ふるさと納税改正案、自治体23.9%が賛成!手数料削減期待も、制度の未来は?
株式会社ふるさと納税総合研究所が実施した、ふるさと納税改正案に関する自治体の意見調査結果が発表されました。ポータルサイトによる寄付者へのポイント付与を禁止する改正案に対し、多くの自治体が賛成傾向にあることが明らかになりました。
調査では、381の自治体を対象に、「寄附者に対しポイント等を付与するポータルサイト等を通じた寄附募集を禁止[告示改正。R7.10~]について、どのように評価しますか。」という質問が投げかけられました。その結果、「非常に賛成」が2.6%、「賛成」が21.3%、「中立」が53.8%、「反対」が17.8%、「非常に反対」が4.5%という結果になりました。
一見、賛否が拮抗しているように見えますが、中立評価の中に「手数料が下がるのであれば賛成」といった条件付きの賛成意見が多く含まれていることから、実質的には賛成意見が多数を占めていると言えるでしょう。
手数料削減への期待と制度の課題
賛成意見には、ポータルサイトの手数料削減による返礼品率の引き上げや、ポイント競争による悪影響からの脱却への期待が強く見られます。ポイント付与は、制度本来の趣旨から外れているとの指摘も多く、手数料削減による制度本来の目的への回帰を求める声が上がっています。
一方で、反対意見には、手数料削減効果が不透明であることや、運営事業者の利益が増えるだけではないかという懸念も表明されています。また、ポイント廃止による事務負担増加や、寄附金の減少による地域経済への悪影響を懸念する声も見られました。
制度の持続可能性を左右する課題
今回の調査結果から、ポイント付与の是非以外にも、ふるさと納税制度の持続可能性を左右する様々な課題が浮き彫りになっています。
自治体の負担軽減: 手数料削減による自治体の負担軽減は、制度の持続可能性を確保するために不可欠です。
返礼品競争の抑制: 返礼品競争の抑制は、制度の健全な発展を促進するために重要です。
寄附者への情報提供: 寄附者が制度を正しく理解し、自主的に寄附先を選択できるよう、情報提供の充実が求められます。
今後の展望
ふるさと納税総合研究所は、今回の調査結果を踏まえ、改正案が目的とする「制度本来の趣旨に沿った運用がより適正に行われる」を実現するため、以下の提言をまとめました。

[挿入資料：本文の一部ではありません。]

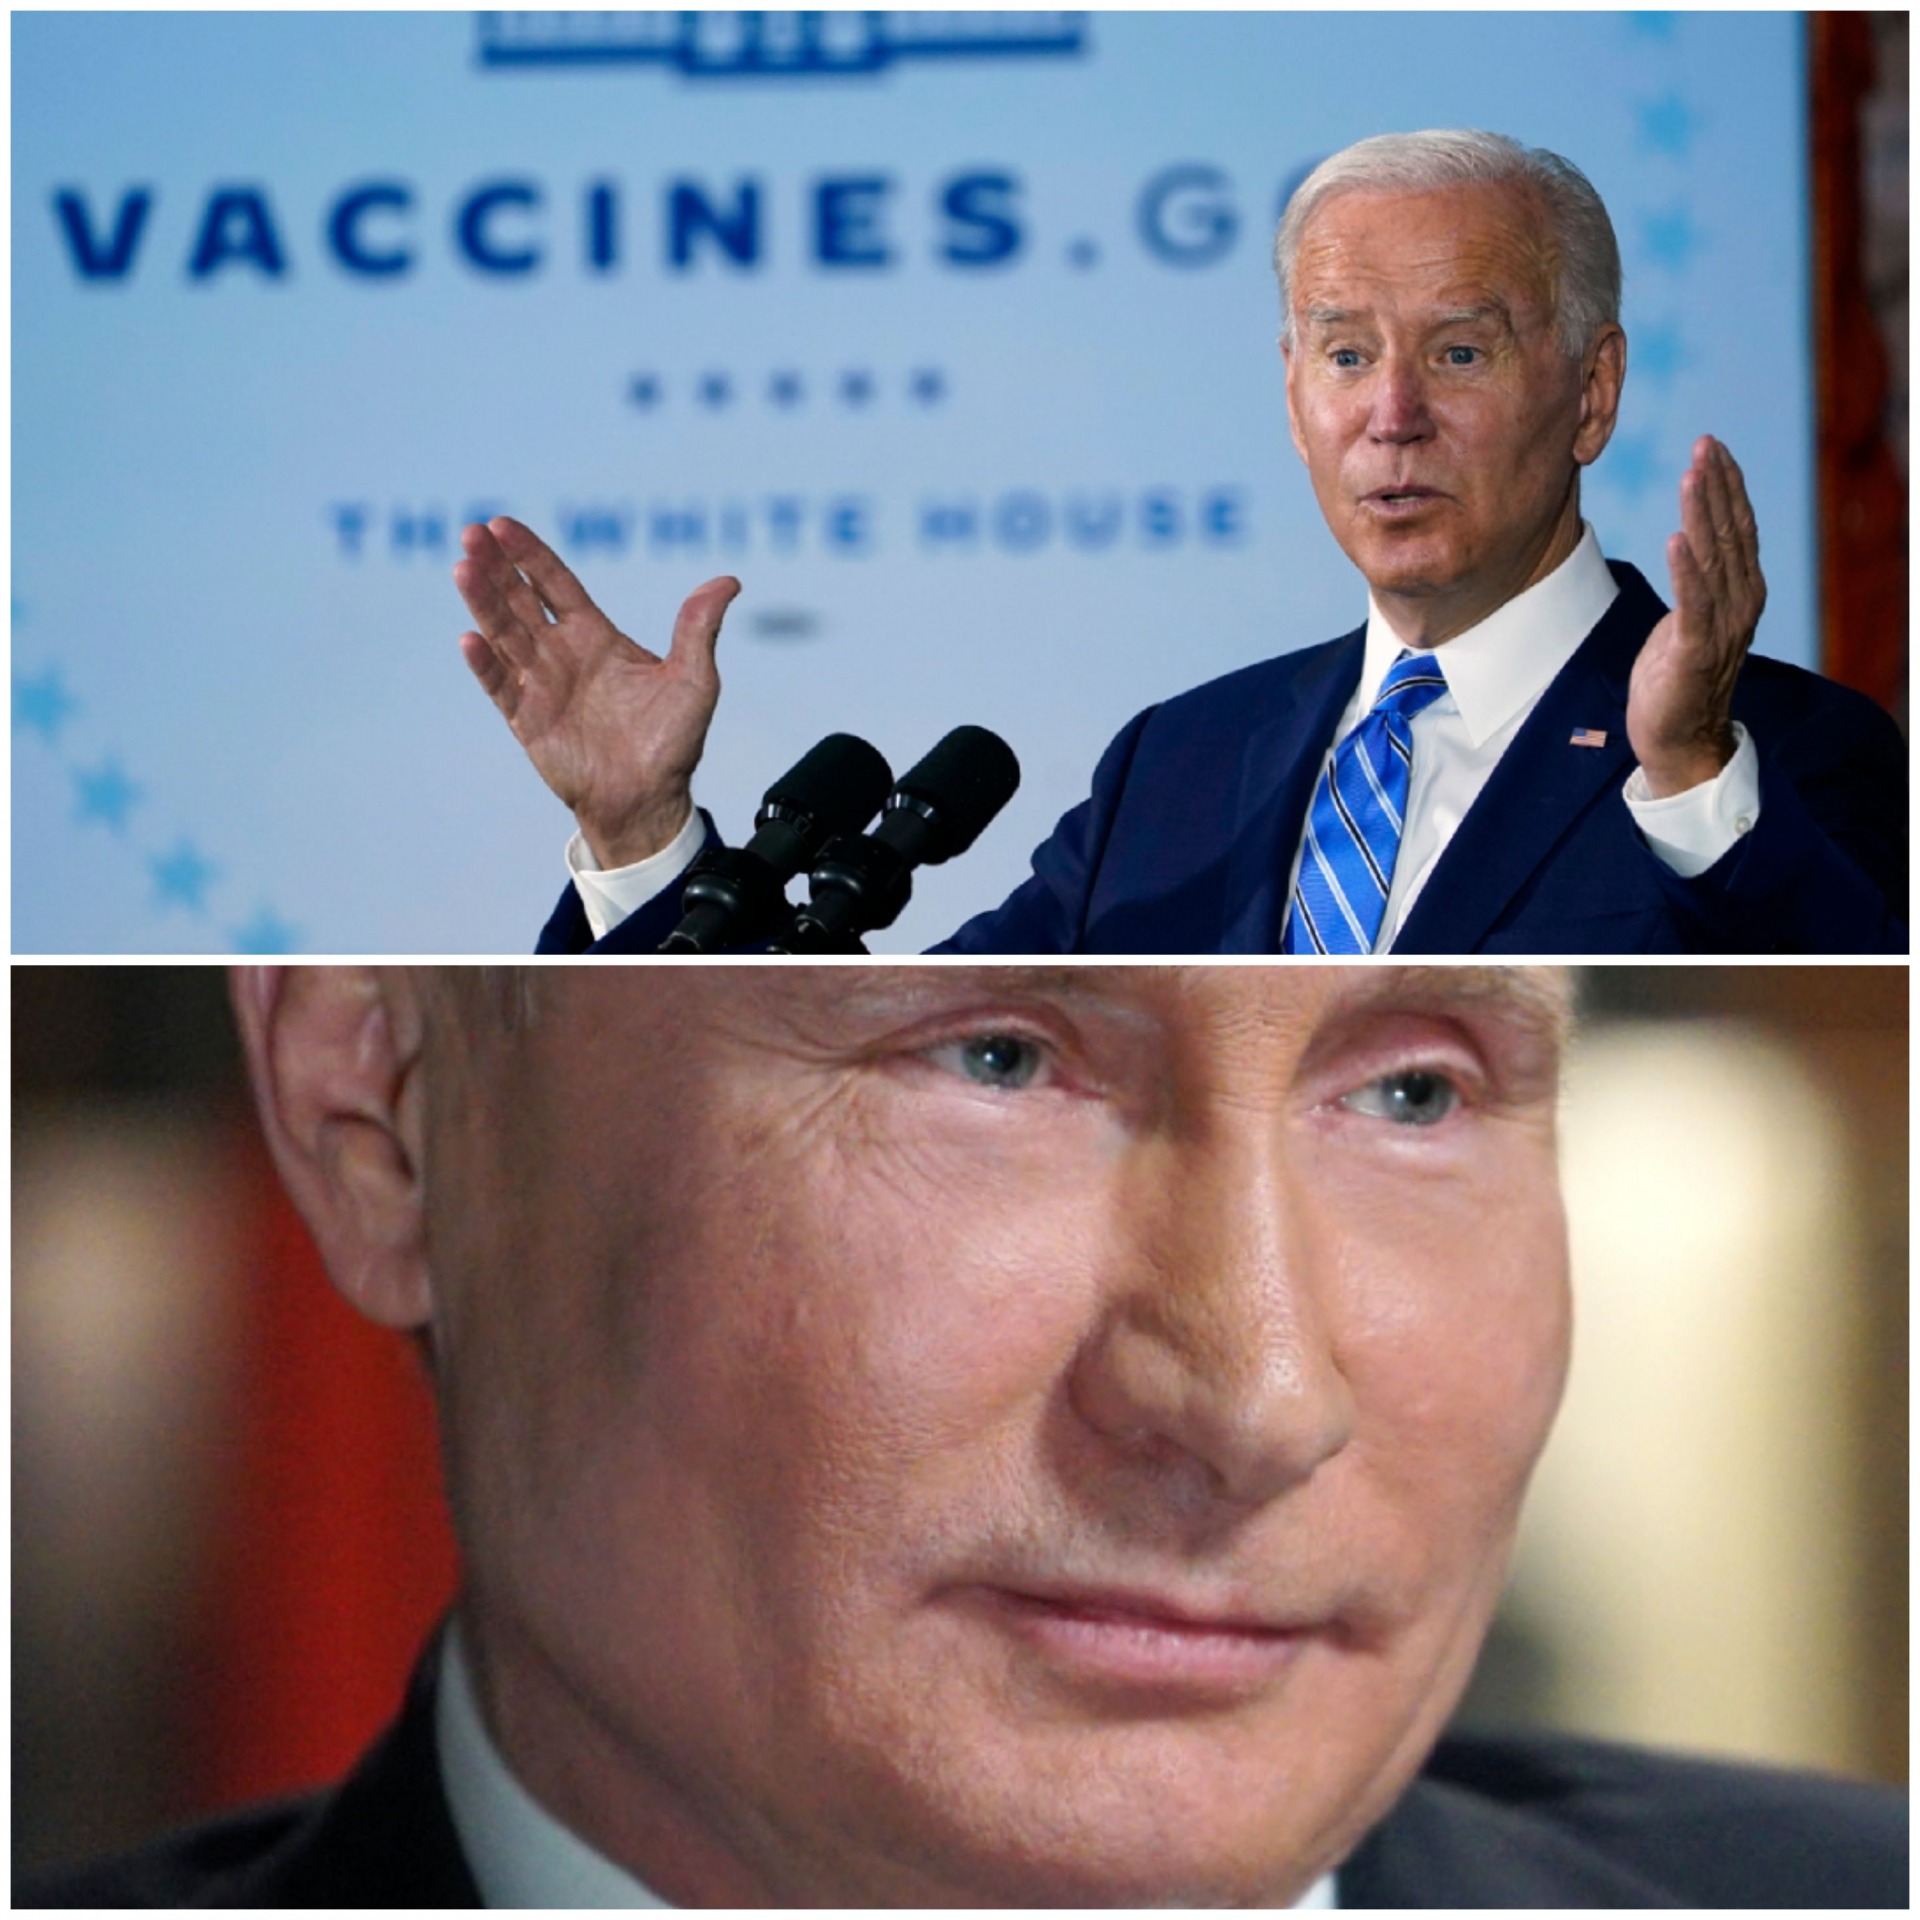 High Quality Putin vs biden Blank Meme Template
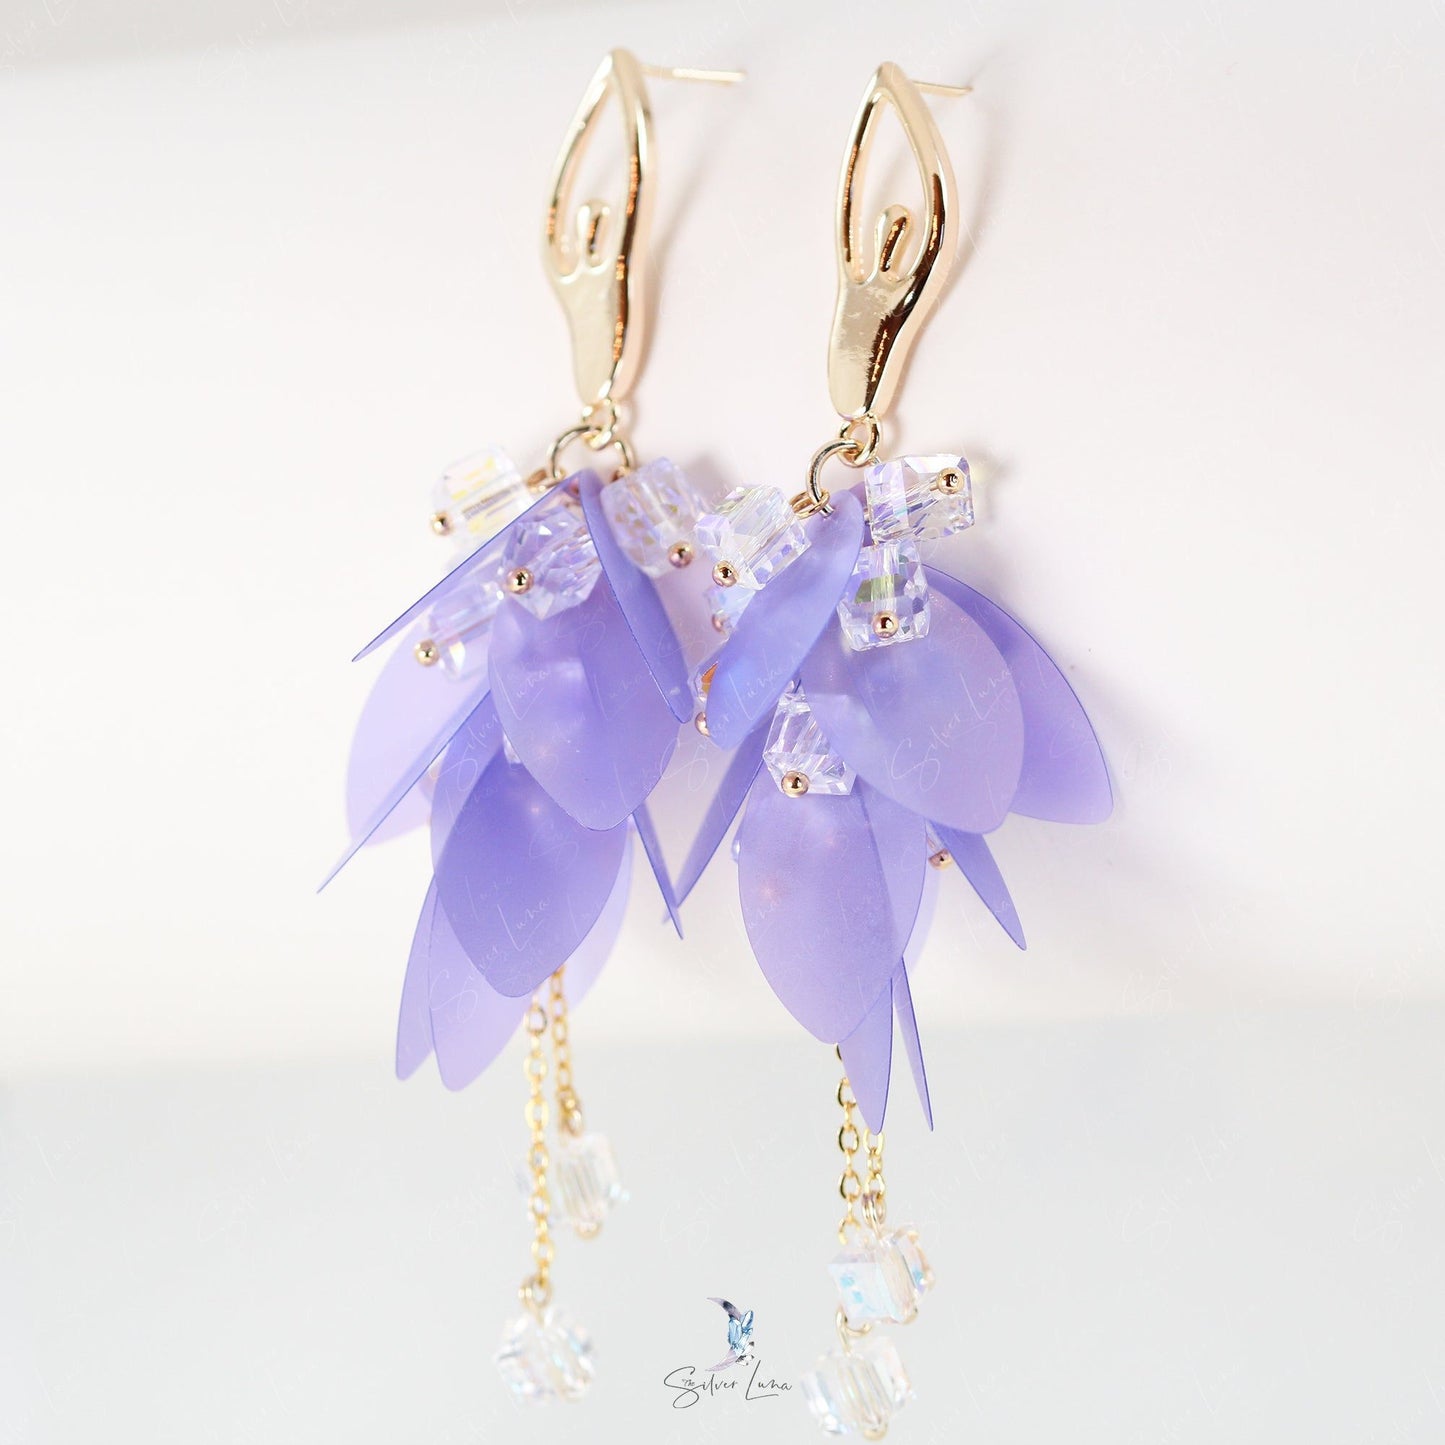 Ballet dancer girl gold plated dangle earrings

ポータルサイトの手数料率の上限設定: 手数料の上限を設定することで、自治体の負担軽減を効果的に実現できると考えます。
地域に根ざしたインセンティブの提示: 寄附者の関心を維持するため、地域に根ざした新たなインセンティブの提供が重要です。
監視・運用組織の設置: 改正された制度の適正な運用と監視を行うための組織の設置が不可欠です。
寄附の使い道を重視したプロモーションの強化: 寄附者が地域貢献を実感できるようなキャンペーンを展開することで、寄附意欲を高めることができます。
正しい制度理解を広めるための情報提供: 寄附者が制度を正しく理解できるよう、わかりやすい情報提供を行うことが重要です。
今回の調査は、ポイント付与の是非だけでなく、ふるさと納税制度全体の課題を浮き彫りにしました。今後、自治体、寄附者、そしてポータルサイトの三者が協力し、より良い制度運営を目指していくことが重要です。